Мы стояли у хижины и снизу рассматривали его. Из одежды на нём были только длинные шорты, а на ногах его красовались «вьетнамки» - пляжные тапочки с двумя сходящимися на носке в одну точку полосками резины. "Круто." – подумал я с завистью. – "Уродуешься тут сутками в горной обуви, а малолетний верхнебаварский абориген так вот просто, в тапках и почти нагишом, да еще и на такую высоту..."
Он сидел, свесив ноги, и странно, по-птичьи, молча рассматривал нас: втянув голову в плечи, он запрокидывал её то в сторону левого, то в сторону правого плеча. Вид он имел жалкий и расстроенный, в глазах его были видны слёзы.
- Was ist denn? - спросил его кто-то из нас.
- Гиены уничтожили весь провиант. - тихо ответил мальчик и всхлипнул.

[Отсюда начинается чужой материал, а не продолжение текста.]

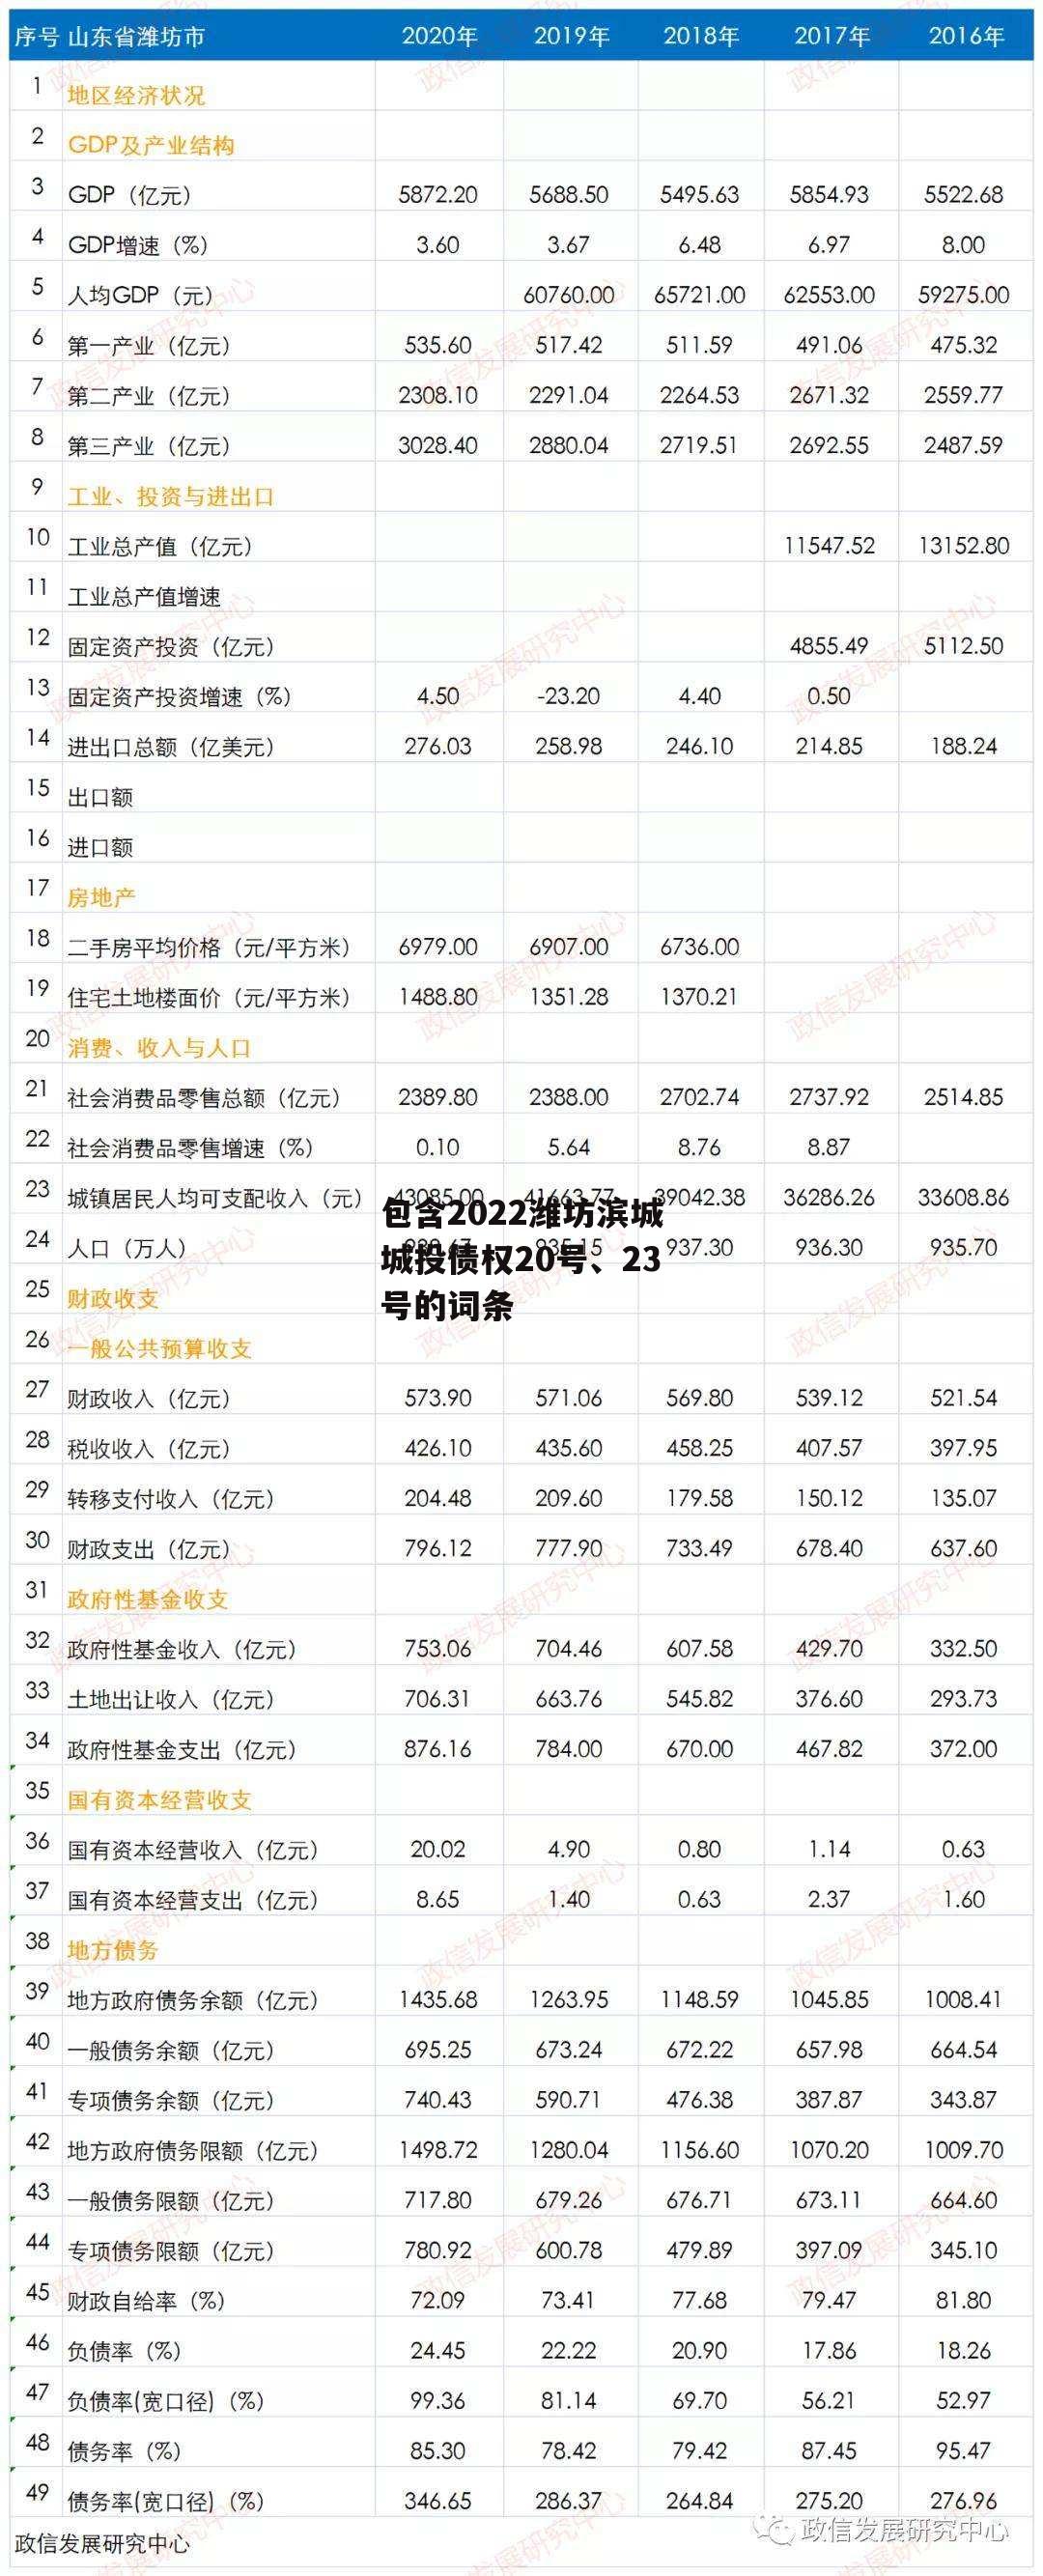 包含2022潍坊滨城城投债权20号、23号的词条

Неожиданным для нас было не присутствие этого мальчика на скалах на большой высоте, не его абсолютно не соответствующая ландшафту и температуре воздуха экипировка, или, скорее, отсутствие её, не гиены, которых в Альпах быть не могло, а тот факт, что произнёс он эту фразу на русском языке. Без всякого акцента.

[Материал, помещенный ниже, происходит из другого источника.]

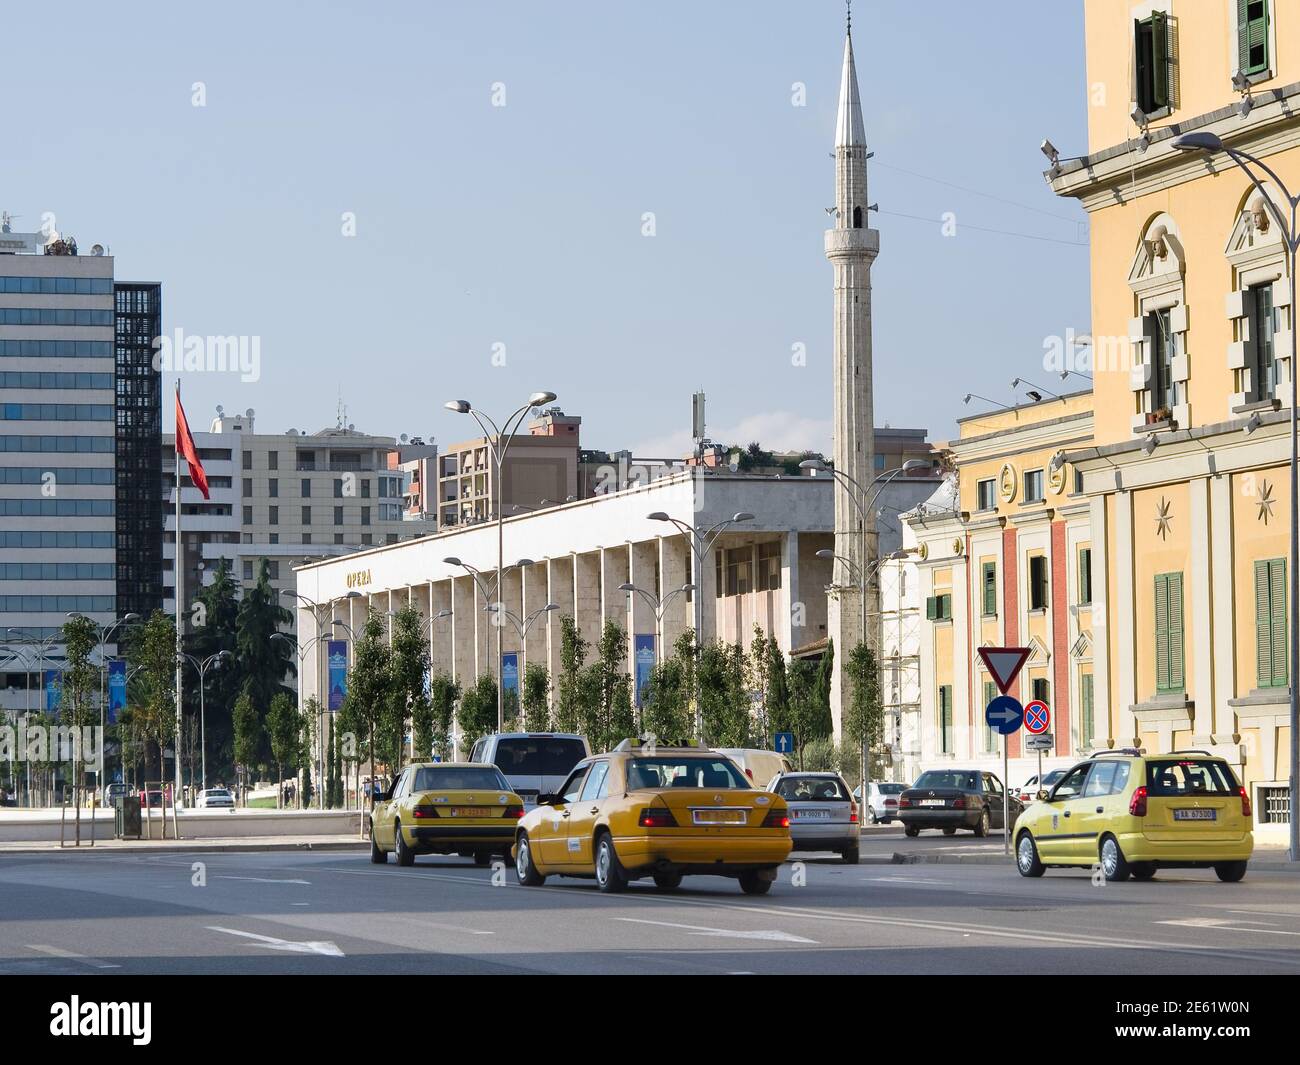 Tirana, Albania - 26 luglio 2012: Auto e taxi gialli nel traffico di piazza Skanderbeg a Tirana; sono visibili sullo sfondo il minareto di Ethem Foto Stock

- Какие тут к ... – начал было кто-то, но тут же осекся, увидев, как мальчик мгновенно преобразился.
Он вдруг прекратил запрокидывать голову набок, приподнялся на кулаках, упертых в скат крыши, прищурился, и вызывающе презрительно уставился на нас. "Нужно обязательно купить книжку «Атлас альпийских животных». – пришла мне в голову неожиданная мысль.
- Ты как сюда залез?
- Гиены уничтожили весь провиант. – так же тихо и с той же интонацией повторил мальчик.
- А ты что же, один здесь
?
- Гиены уничтожили весь провиант. - в его голосе почувствовалось раздражение.
Было ясно, что оживлённый диалог не состоится. Но реагировать как-то было надо. Пострадавшему от гиен крупно повезло: послезавтра наш поход заканчивался, а в рюкзаках оставалось еще немало продуктов.
Мальчик не сводил глаз с выстраиваемой нами пирамиды из консервных банок и пакетов с картофельным пюре, однако глаза его всё так же были грустны. Единственным признаком его радости скорее всего была «вьетнамка», которую он раскачивал большим пальцем правой ноги: по мере увеличения пирамиды она качалась всё быстрее и быстрее.
- Ну, этого, пожалуй, хватит – остановил "строительство" Коля-Тормоз.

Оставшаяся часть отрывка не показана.